- WORK REQUIRED -
When you transcribe the lines below, keep every word the same and leave the pictures behind.

- DATA PROVIDED -
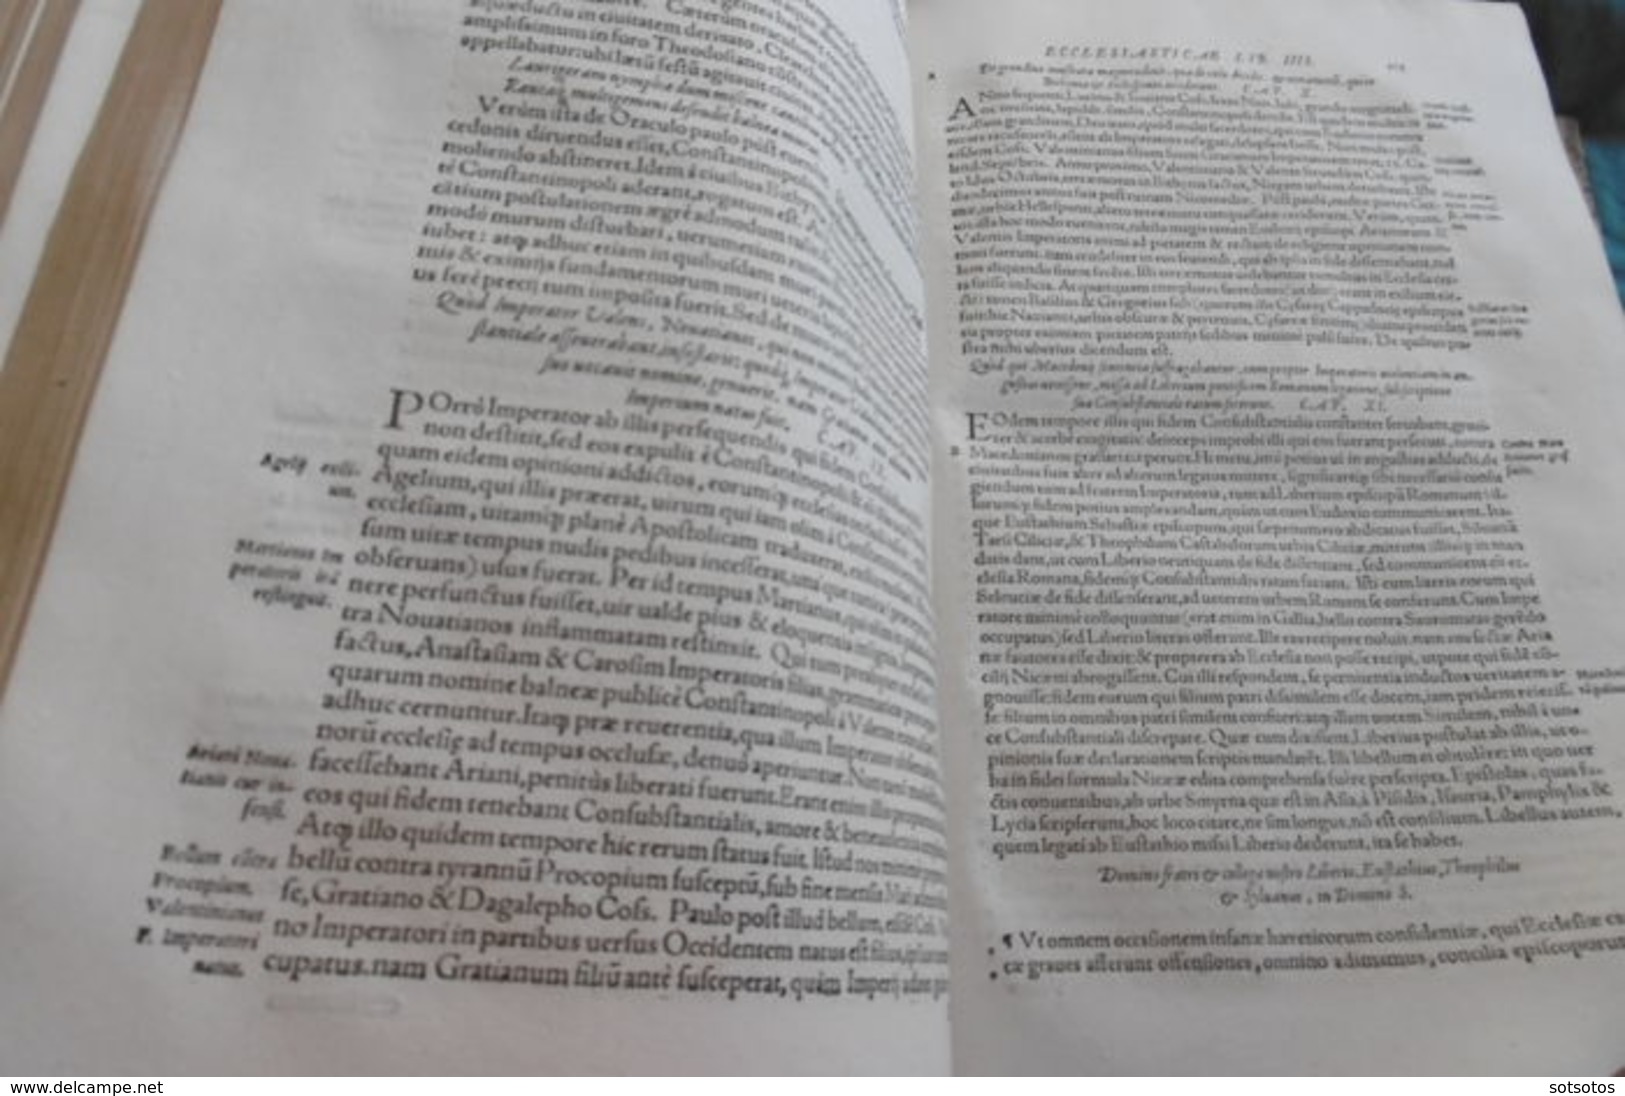 Scrittori Greci - Historiae ecclesiasticae scriptores Graeci - 1570
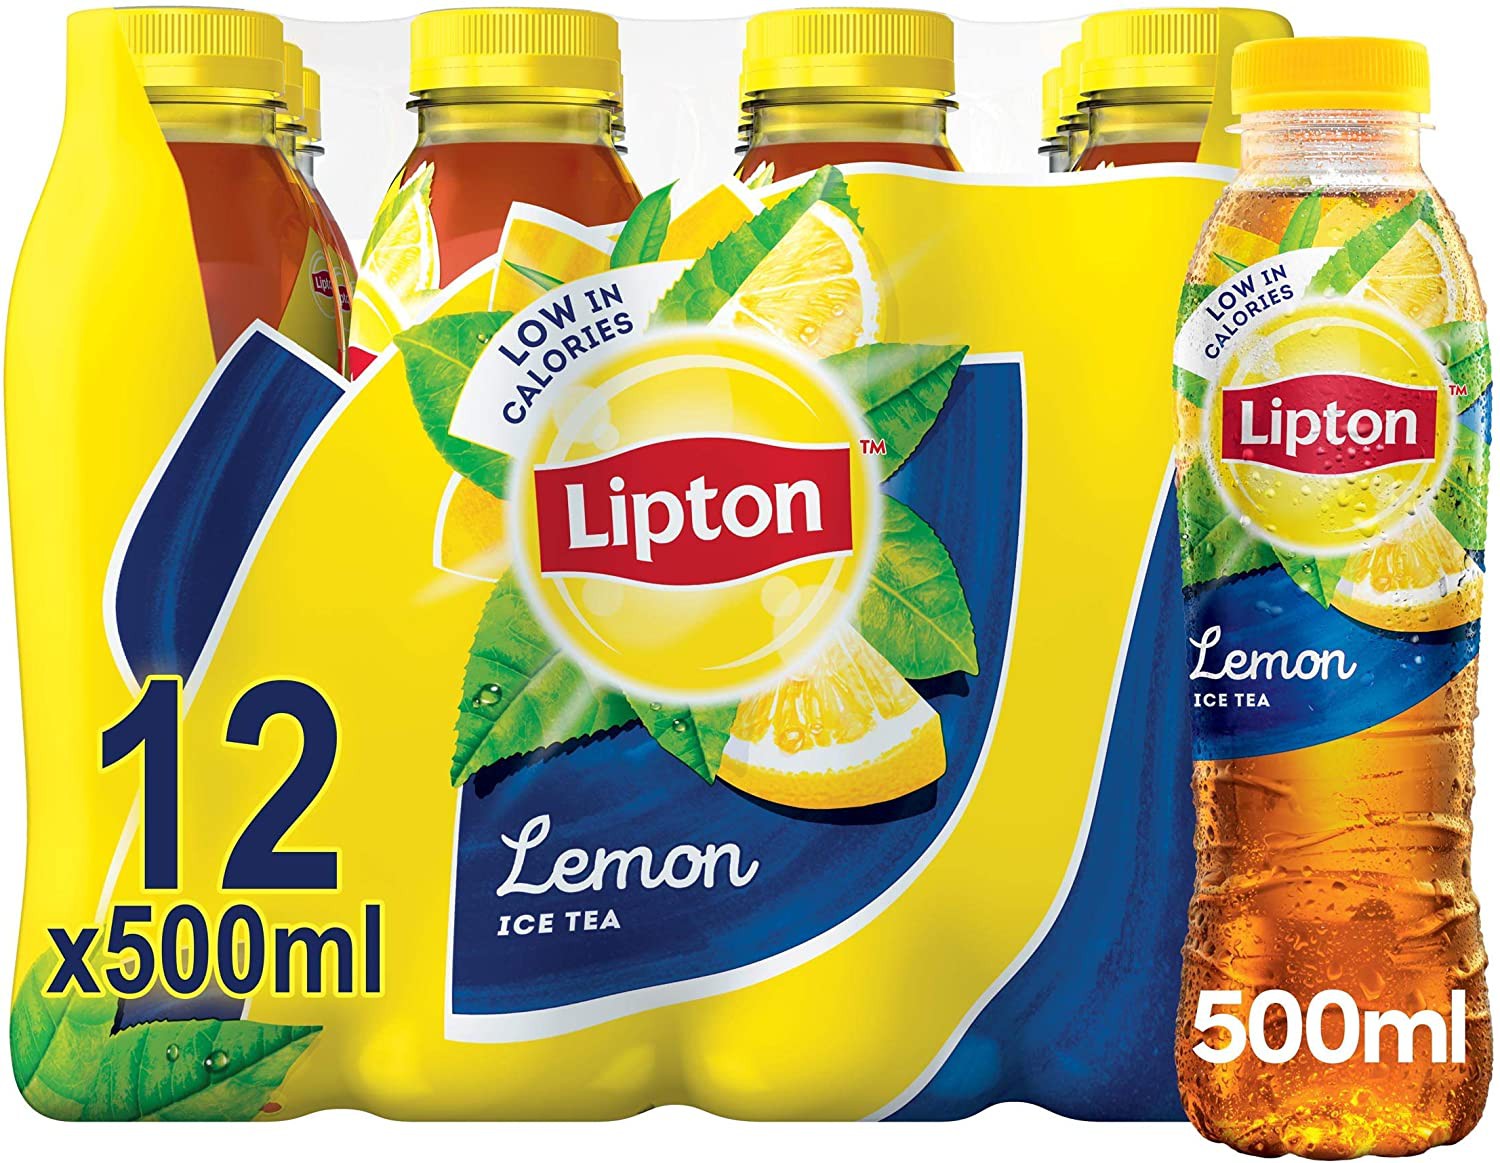 Lipton+Ice+Tea+Lemon+case+of+12
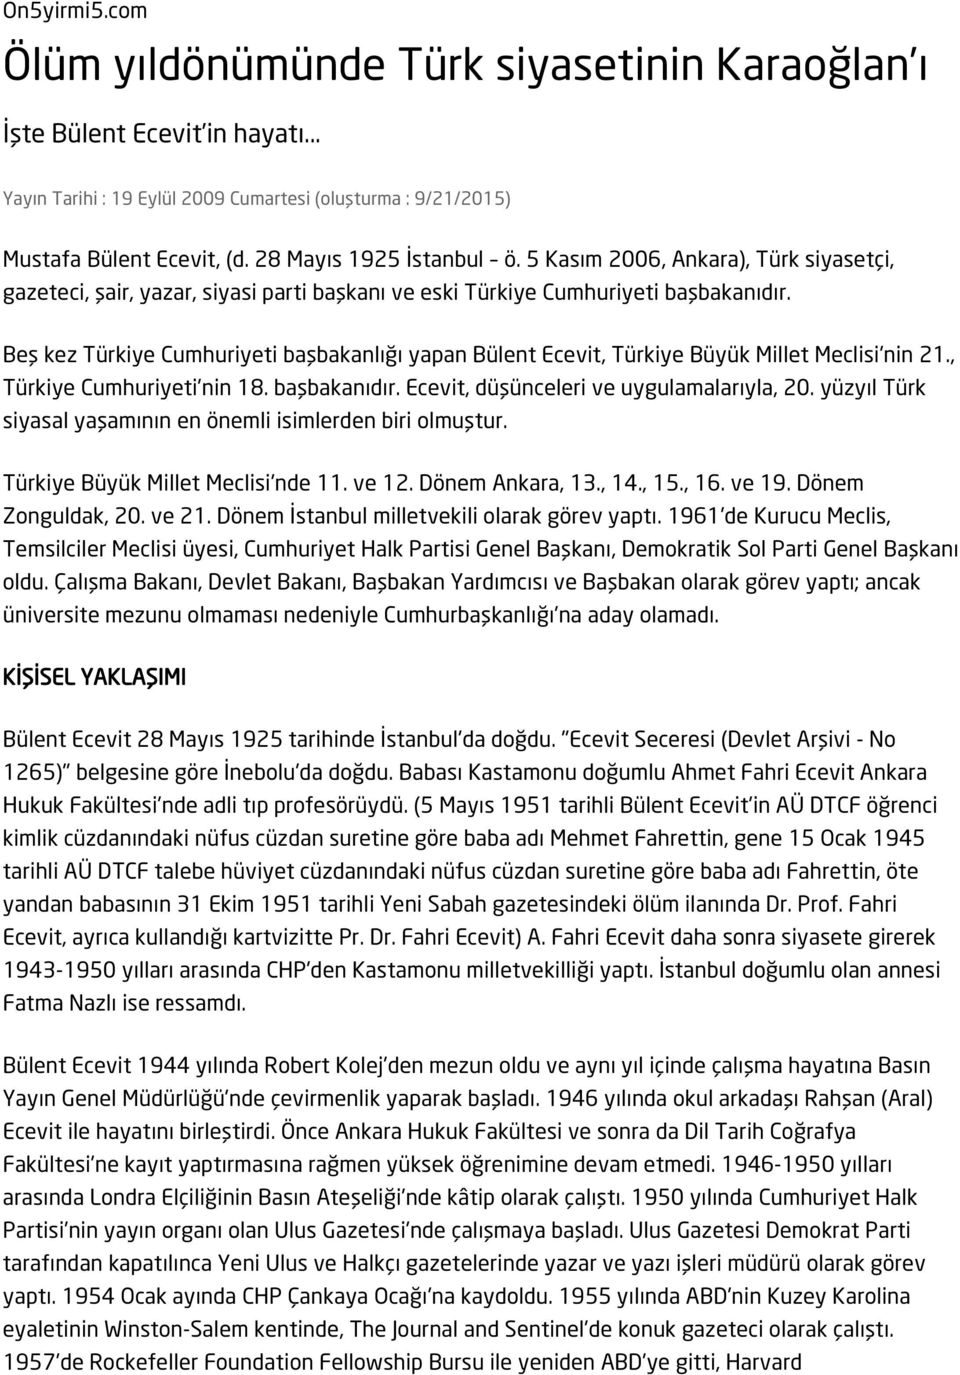 Beş kez Türkiye Cumhuriyeti başbakanlığı yapan Bülent Ecevit, Türkiye Büyük Millet Meclisi'nin 21., Türkiye Cumhuriyeti'nin 18. başbakanıdır. Ecevit, düşünceleri ve uygulamalarıyla, 20.

- SOLUTION TO THIS EXERCISE -
 Scrittori Greci - Historiae ecclesiasticae scriptores Graeci - 1570
 Lipton+Ice+Tea+Lemon+case+of+12
 Beş kez Türkiye Cumhuriyeti başbakanlığı yapan Bülent Ecevit, Türkiye Büyük Millet Meclisi'nin 21., Türkiye Cumhuriyeti'nin 18. başbakanıdır. Ecevit, düşünceleri ve uygulamalarıyla, 20.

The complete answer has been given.